_EXERCISE DIRECTIONS_
Output the data below line for line, exactly, up to and including the line where "Bike Shifting Service Pune to Firozpur" appears.

_RECORDS PROVIDED_
_ _ _ _ _ _ _
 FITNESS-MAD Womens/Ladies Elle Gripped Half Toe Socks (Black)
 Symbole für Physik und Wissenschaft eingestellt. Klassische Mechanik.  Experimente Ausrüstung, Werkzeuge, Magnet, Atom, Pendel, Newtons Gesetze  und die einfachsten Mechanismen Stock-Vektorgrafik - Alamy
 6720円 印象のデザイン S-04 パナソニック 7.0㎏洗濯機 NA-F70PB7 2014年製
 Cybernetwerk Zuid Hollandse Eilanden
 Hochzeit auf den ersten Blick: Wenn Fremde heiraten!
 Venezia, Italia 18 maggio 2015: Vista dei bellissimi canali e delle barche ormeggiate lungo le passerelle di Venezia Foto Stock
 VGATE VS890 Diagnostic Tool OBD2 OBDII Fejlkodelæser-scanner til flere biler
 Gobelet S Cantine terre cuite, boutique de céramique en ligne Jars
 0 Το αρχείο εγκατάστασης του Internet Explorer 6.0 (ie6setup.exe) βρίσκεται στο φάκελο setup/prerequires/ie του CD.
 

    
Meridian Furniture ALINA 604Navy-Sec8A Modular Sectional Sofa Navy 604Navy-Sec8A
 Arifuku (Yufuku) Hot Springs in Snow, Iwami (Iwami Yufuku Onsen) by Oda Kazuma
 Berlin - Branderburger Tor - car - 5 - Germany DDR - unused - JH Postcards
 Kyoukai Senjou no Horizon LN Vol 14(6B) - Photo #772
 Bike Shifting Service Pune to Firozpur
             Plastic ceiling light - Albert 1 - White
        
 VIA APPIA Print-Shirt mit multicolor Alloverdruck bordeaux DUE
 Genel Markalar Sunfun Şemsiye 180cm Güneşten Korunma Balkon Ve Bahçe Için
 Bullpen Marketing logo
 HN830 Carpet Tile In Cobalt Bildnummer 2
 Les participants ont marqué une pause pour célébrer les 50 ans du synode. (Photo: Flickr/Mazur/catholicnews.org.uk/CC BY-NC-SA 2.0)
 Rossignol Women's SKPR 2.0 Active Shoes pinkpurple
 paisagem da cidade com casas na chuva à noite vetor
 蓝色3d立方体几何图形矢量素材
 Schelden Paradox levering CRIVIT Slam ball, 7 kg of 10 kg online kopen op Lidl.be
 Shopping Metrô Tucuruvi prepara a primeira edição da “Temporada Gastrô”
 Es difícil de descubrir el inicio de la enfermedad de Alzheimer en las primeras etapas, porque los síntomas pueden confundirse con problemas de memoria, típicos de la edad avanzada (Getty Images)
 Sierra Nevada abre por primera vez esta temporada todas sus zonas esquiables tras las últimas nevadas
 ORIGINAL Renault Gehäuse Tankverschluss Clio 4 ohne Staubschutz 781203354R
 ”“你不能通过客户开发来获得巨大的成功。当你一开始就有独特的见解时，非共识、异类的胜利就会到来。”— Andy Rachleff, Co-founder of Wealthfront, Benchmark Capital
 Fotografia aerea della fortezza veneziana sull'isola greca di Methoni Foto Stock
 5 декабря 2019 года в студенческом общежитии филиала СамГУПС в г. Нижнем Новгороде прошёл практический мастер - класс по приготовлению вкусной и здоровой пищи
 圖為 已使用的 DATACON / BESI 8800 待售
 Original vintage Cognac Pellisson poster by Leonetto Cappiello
_ _ _ _ _ _ _
_THE ANSWER_
 FITNESS-MAD Womens/Ladies Elle Gripped Half Toe Socks (Black)
 Symbole für Physik und Wissenschaft eingestellt. Klassische Mechanik.  Experimente Ausrüstung, Werkzeuge, Magnet, Atom, Pendel, Newtons Gesetze  und die einfachsten Mechanismen Stock-Vektorgrafik - Alamy
 6720円 印象のデザイン S-04 パナソニック 7.0㎏洗濯機 NA-F70PB7 2014年製
 Cybernetwerk Zuid Hollandse Eilanden
 Hochzeit auf den ersten Blick: Wenn Fremde heiraten!
 Venezia, Italia 18 maggio 2015: Vista dei bellissimi canali e delle barche ormeggiate lungo le passerelle di Venezia Foto Stock
 VGATE VS890 Diagnostic Tool OBD2 OBDII Fejlkodelæser-scanner til flere biler
 Gobelet S Cantine terre cuite, boutique de céramique en ligne Jars
 0 Το αρχείο εγκατάστασης του Internet Explorer 6.0 (ie6setup.exe) βρίσκεται στο φάκελο setup/prerequires/ie του CD.
 

    
Meridian Furniture ALINA 604Navy-Sec8A Modular Sectional Sofa Navy 604Navy-Sec8A
 Arifuku (Yufuku) Hot Springs in Snow, Iwami (Iwami Yufuku Onsen) by Oda Kazuma
 Berlin - Branderburger Tor - car - 5 - Germany DDR - unused - JH Postcards
 Kyoukai Senjou no Horizon LN Vol 14(6B) - Photo #772
 Bike Shifting Service Pune to Firozpur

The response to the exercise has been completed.